Is it possible to rewrite this query to return the same information, but avoiding the BNL join?
Things I've considered already:
All the ID columns are indexed (item_orders.id, prices.id, item_prices.item_order_id, item_prices.price_id).
Splitting the query in two - one for item_order_count (no JOIN), the other for item_order_selected_count (INNER JOIN, as I only need rows which match). This works but isn't ideal as I want to build up this query to return more data (I've stripped it back to the minimum for this question). Also, I'm trying to keep the query output as close as possible to what the user will see, as that makes debugging easier and makes the database (which is optimised for that workload) do the work, rather than the application.

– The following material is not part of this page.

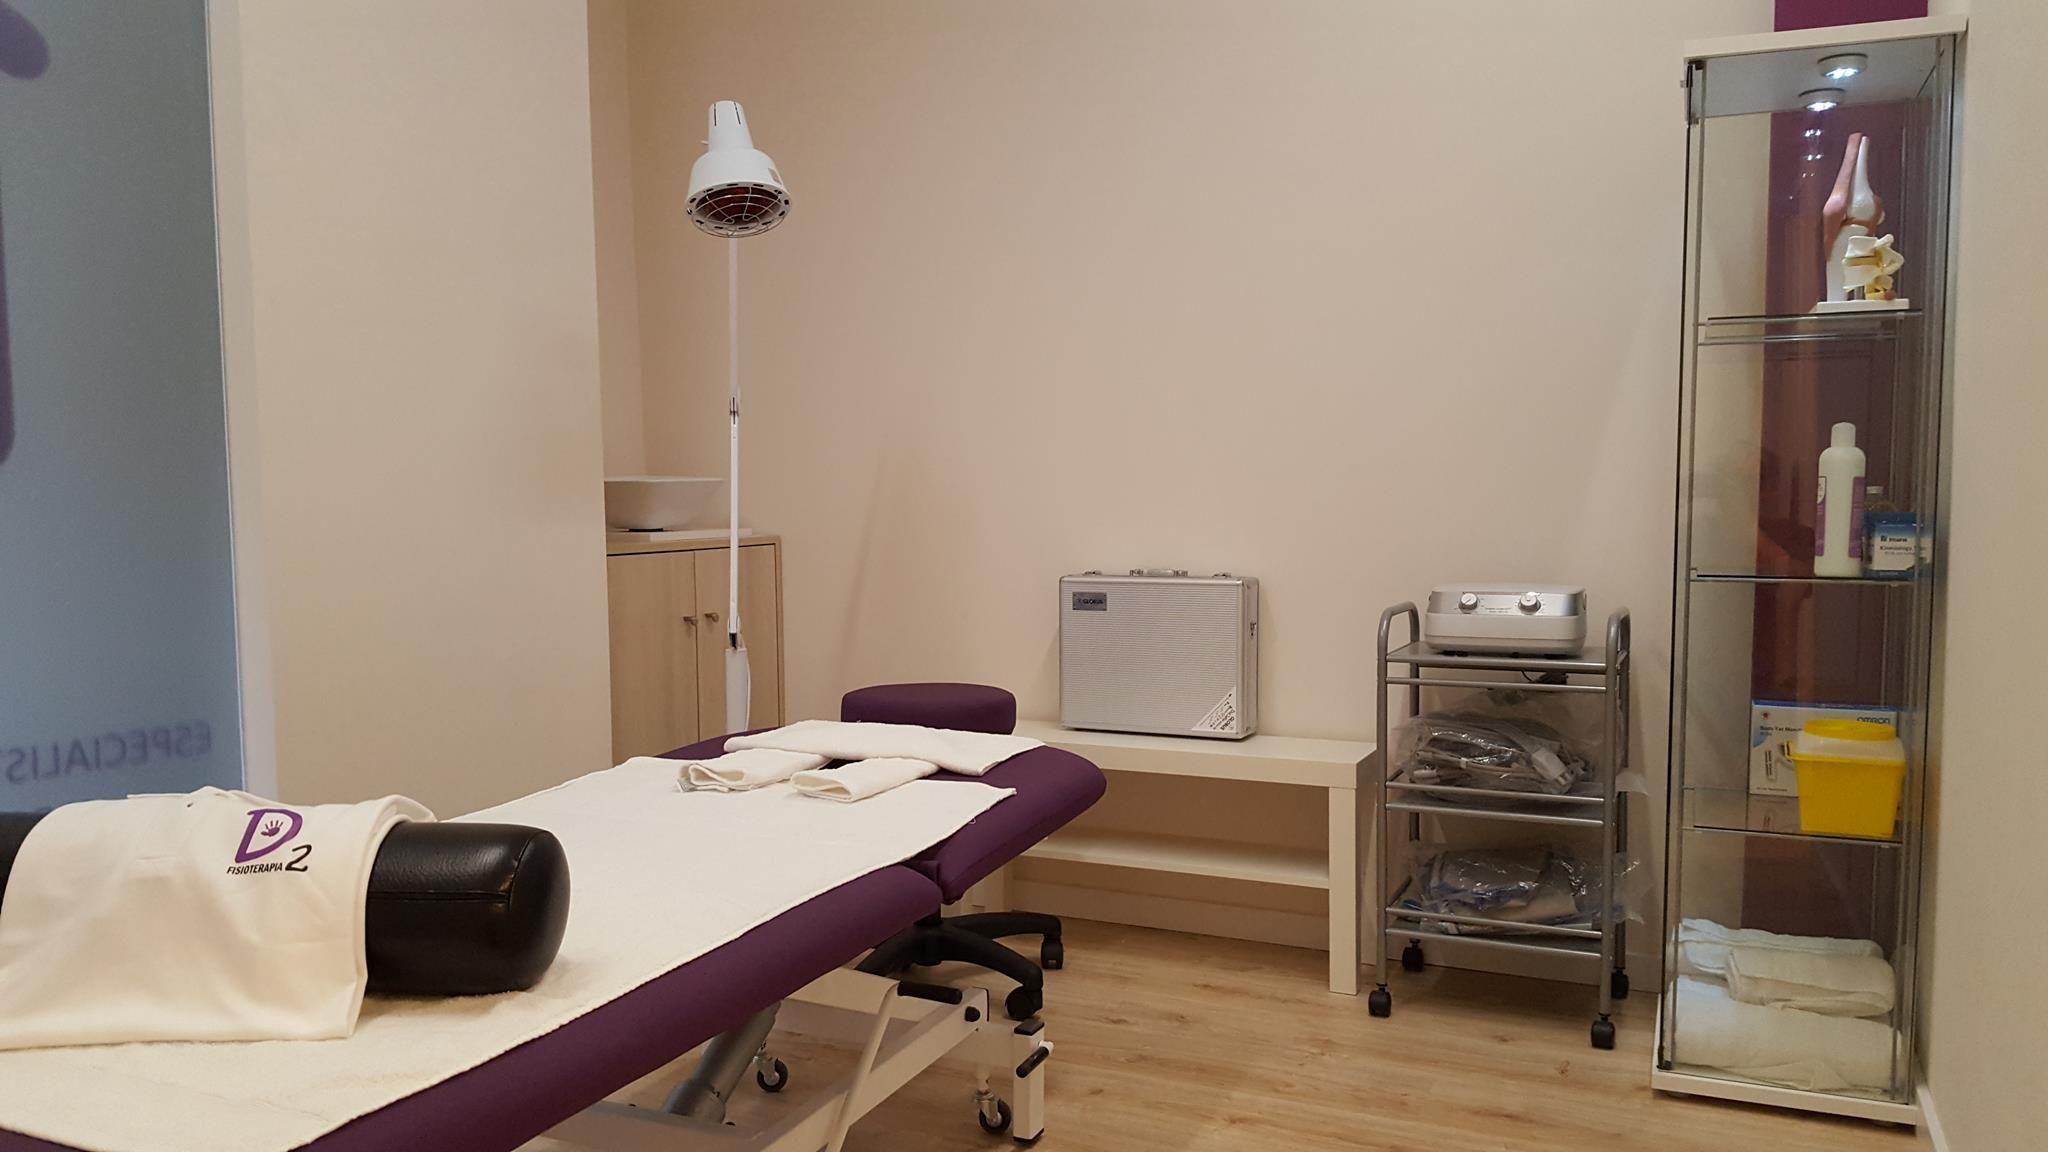 Fisioterapia general: Nuestros Servicios de Fisioterapia D2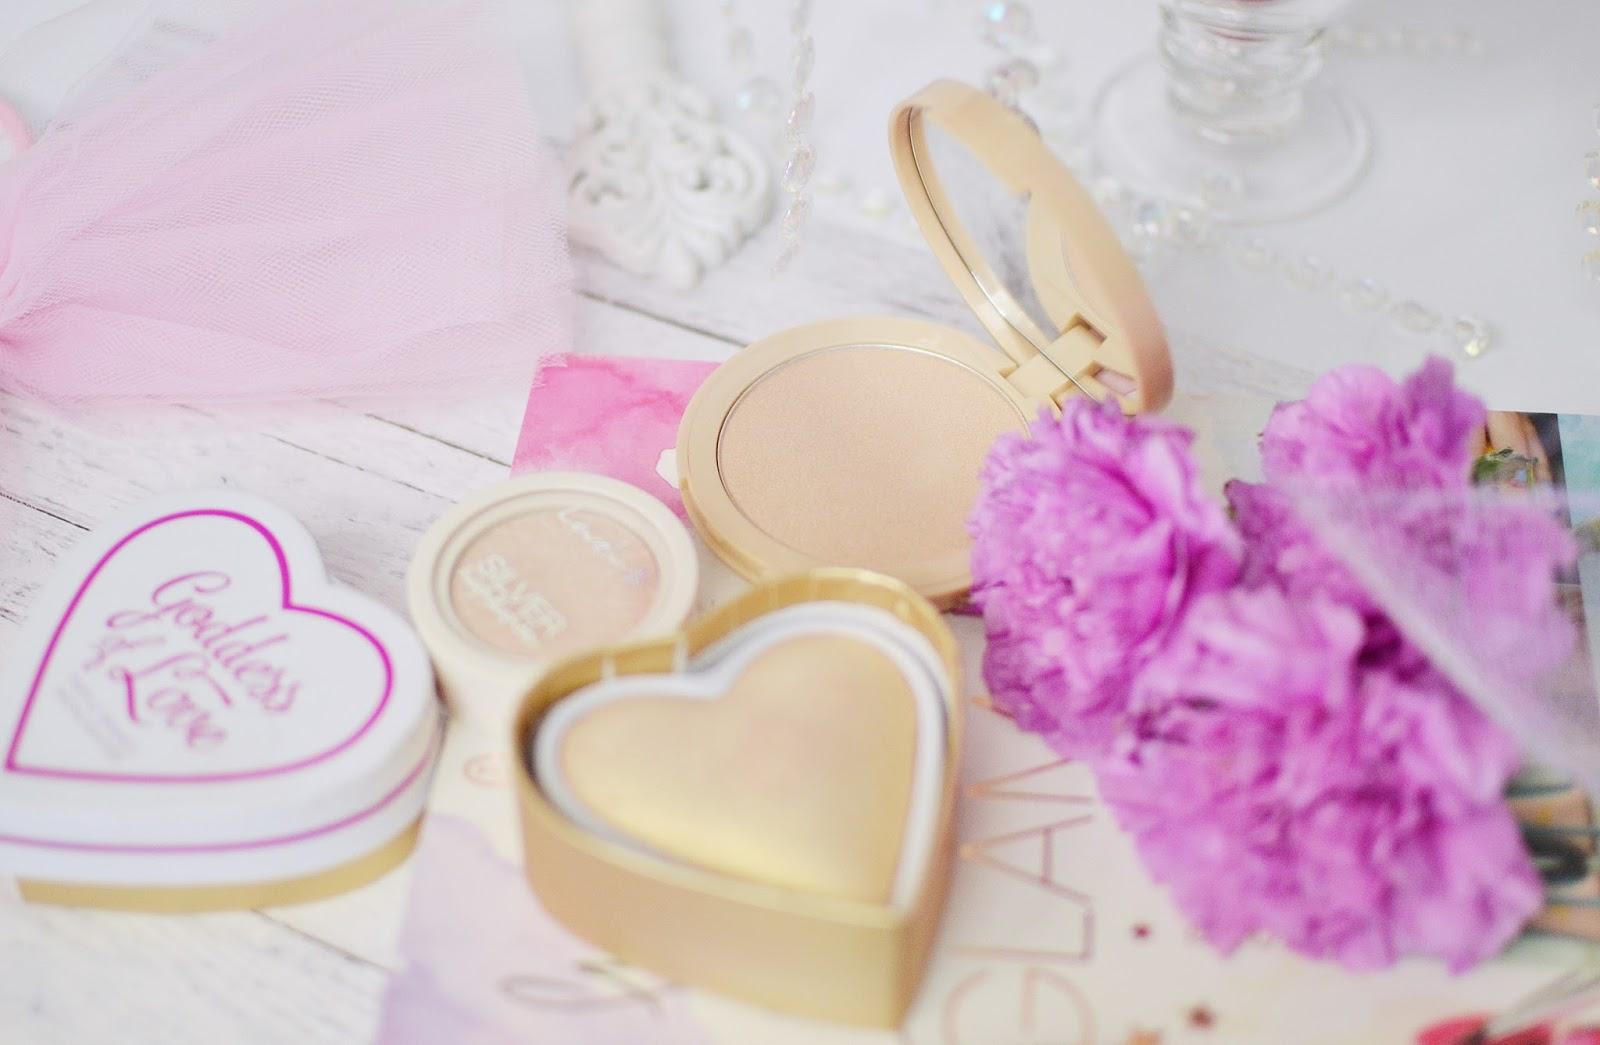 najlepsze rozświetlacze z drogerii drogeryjne kosmetyki

Changing the MariaDB configuration: Some of the search results for BNL joins suggest changing configuration options, however I'm wary of doing this as there are hundreds of other queries in the application and I don't want to cause a regression (e.g. speed up this query but accidentally slow down all the others).
Upgrading MariaDB: This would be a last resort as it would involve using a version different to that packaged with Debian, might break other parts of the application, and the system has just been through a major upgrade.
I came back to this question this week as the performance got even worse as the number of rows increased, to the point where it was taking over 2 minutes to run the query (with around 100,000 rows in the item_orders table, so hardly 'big data').
I remembered that it was possible to list multiple tables in the FROM clause and wondered if the same was true of a LEFT JOIN. It turns out this is the case and the query can be rewritten as:
SELECT
COUNT(item_orders.id) AS item_order_count,
SUM(CASE WHEN prices.id IS NOT NULL THEN 1 ELSE 0 END) AS item_order_selected_count
FROM
item_orders
LEFT JOIN (item_prices, prices) ON
item_prices.item_order_id = item_orders.id
AND prices.id = item_prices.price_id
AND prices.selected_flag = 1
This returns the same results but takes less than a second to execute. Unfortunately I don't know any relational algebra to prove this, but effectively what I am saying is 'only LEFT JOIN where everything matches on both item_prices and prices'.